[Dataset excerpt]
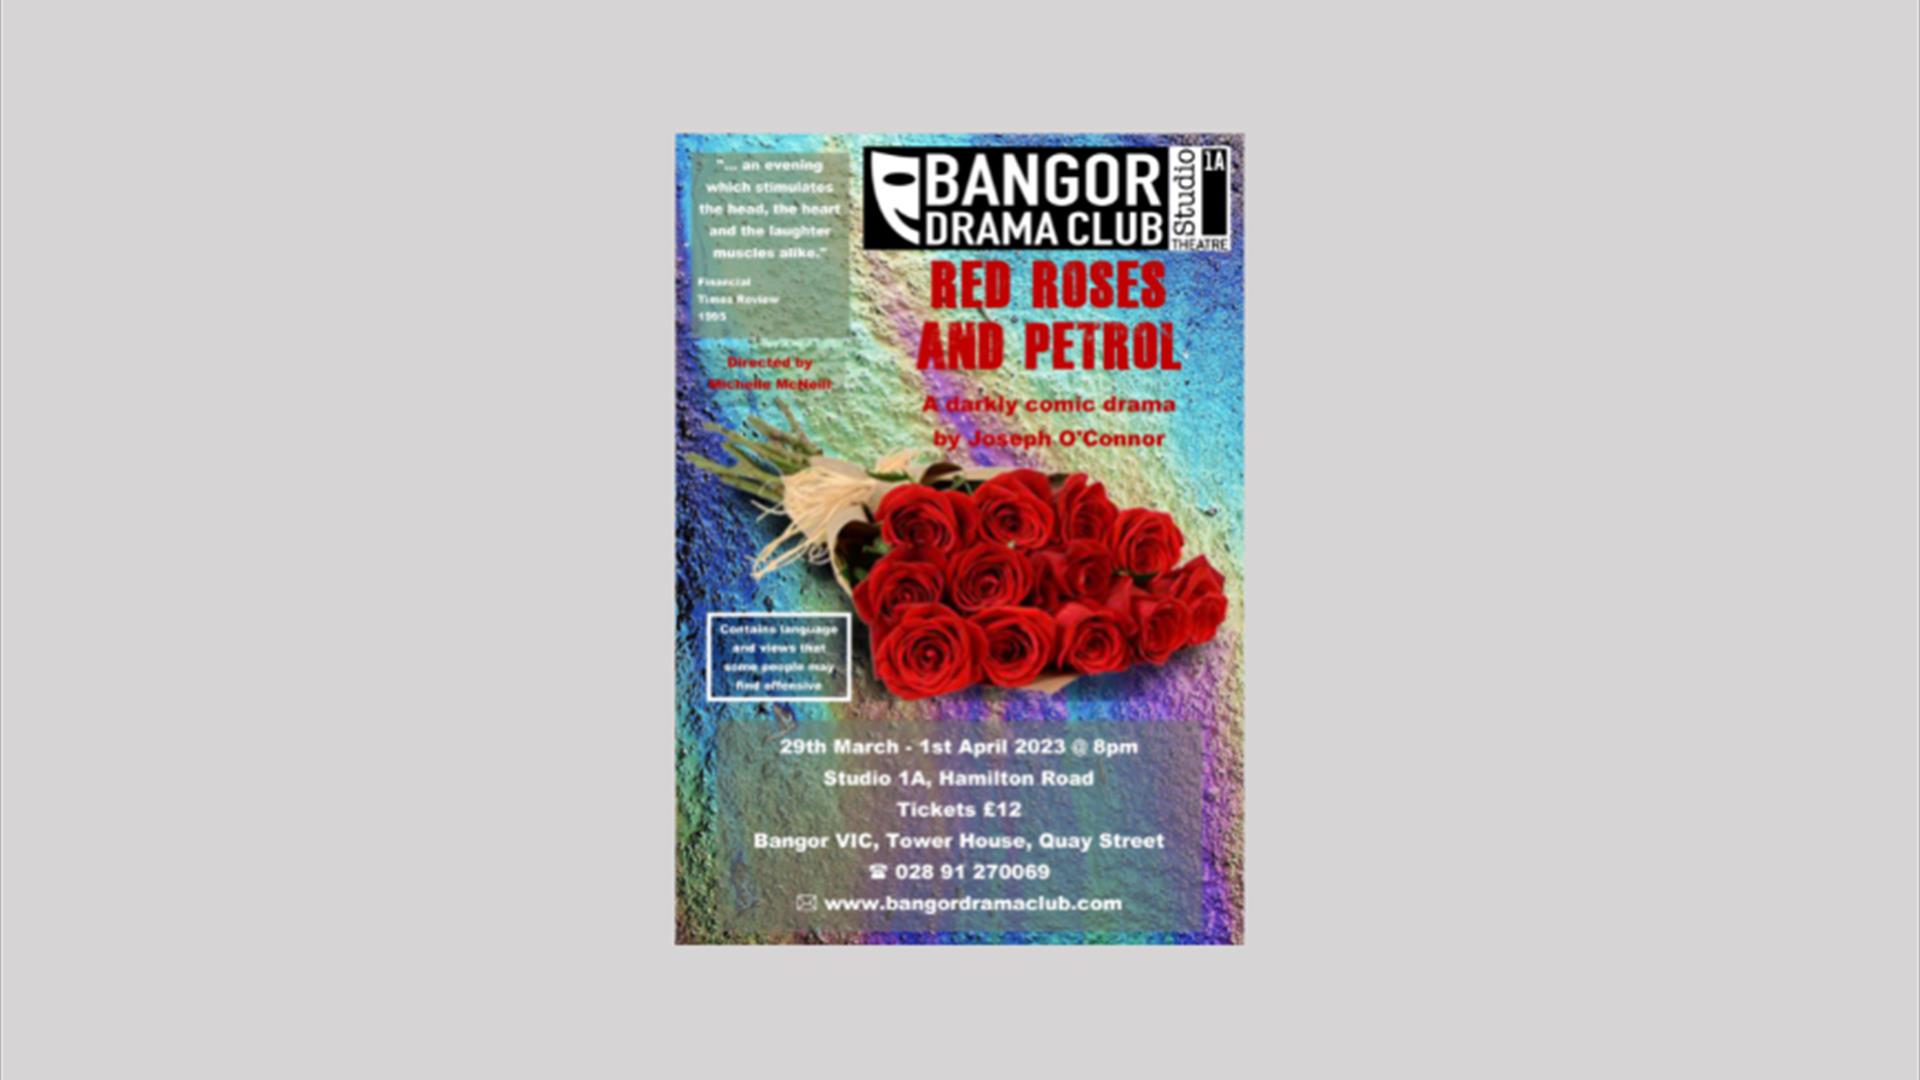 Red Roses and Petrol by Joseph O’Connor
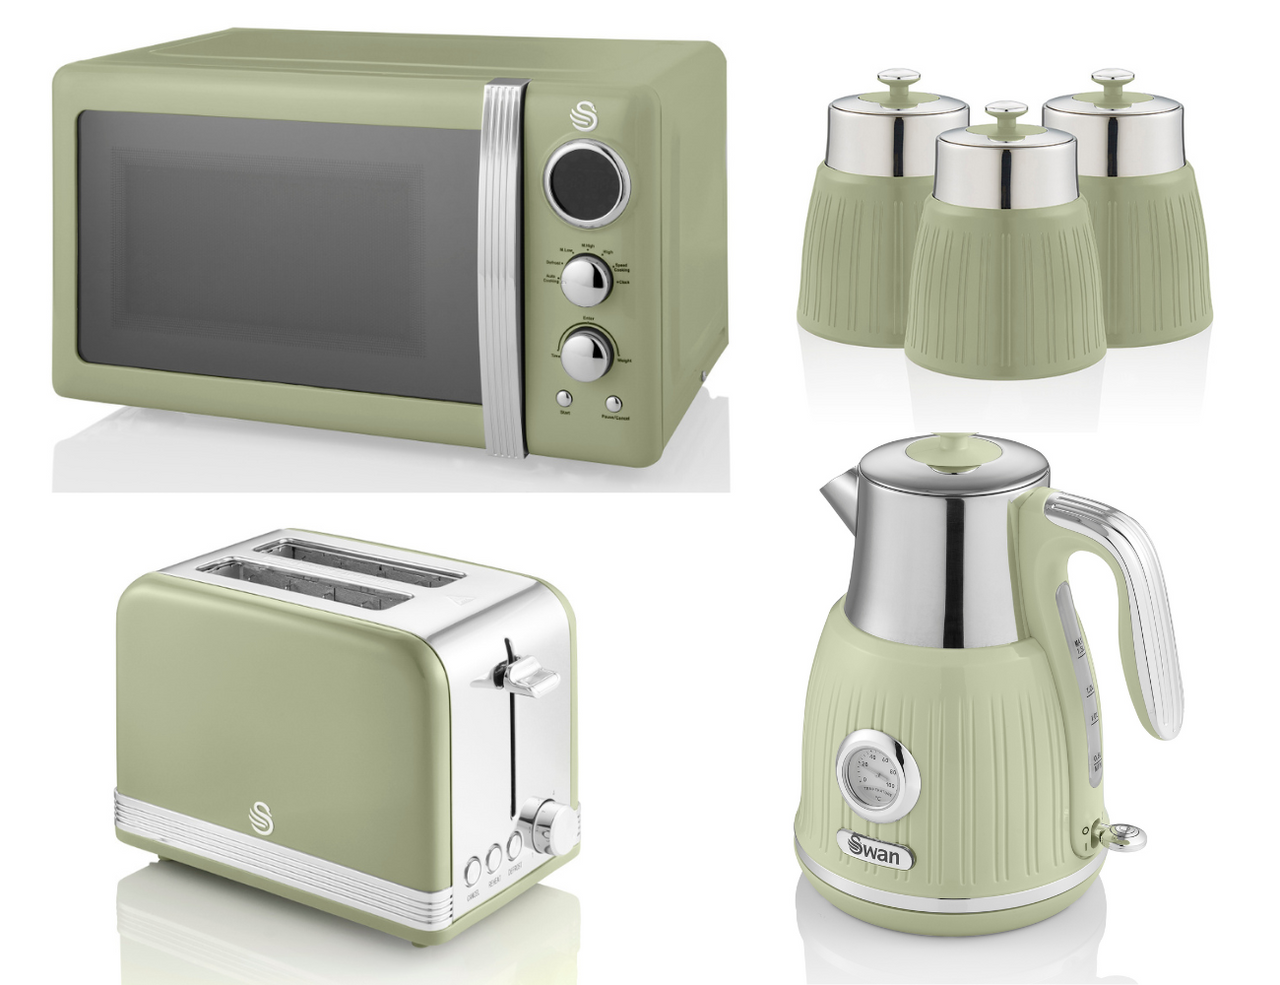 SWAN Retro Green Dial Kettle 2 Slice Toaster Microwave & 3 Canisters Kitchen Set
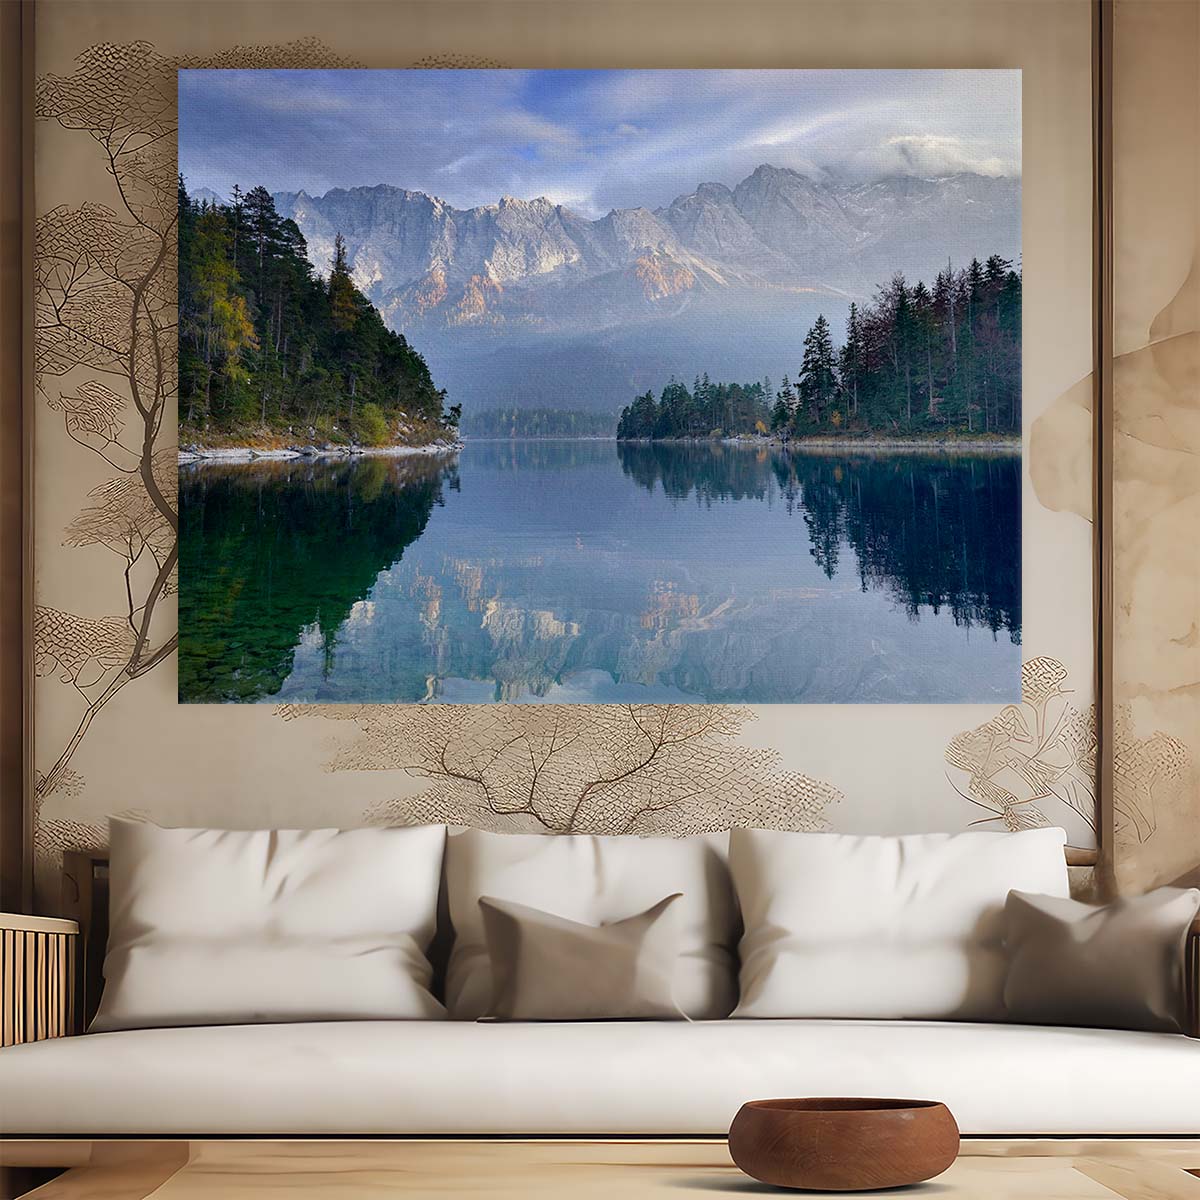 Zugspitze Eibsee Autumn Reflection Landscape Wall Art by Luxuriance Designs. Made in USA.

[To do] The result should be the full material above, word for word, with its pictures omitted.

[Response for this exercise]
 Red Roses and Petrol by Joseph O’Connor
 SWAN Retro Green Dial Kettle 2 Slice Toaster Microwave & 3 Canisters Kitchen Set
 Zugspitze Eibsee Autumn Reflection Landscape Wall Art by Luxuriance Designs. Made in USA.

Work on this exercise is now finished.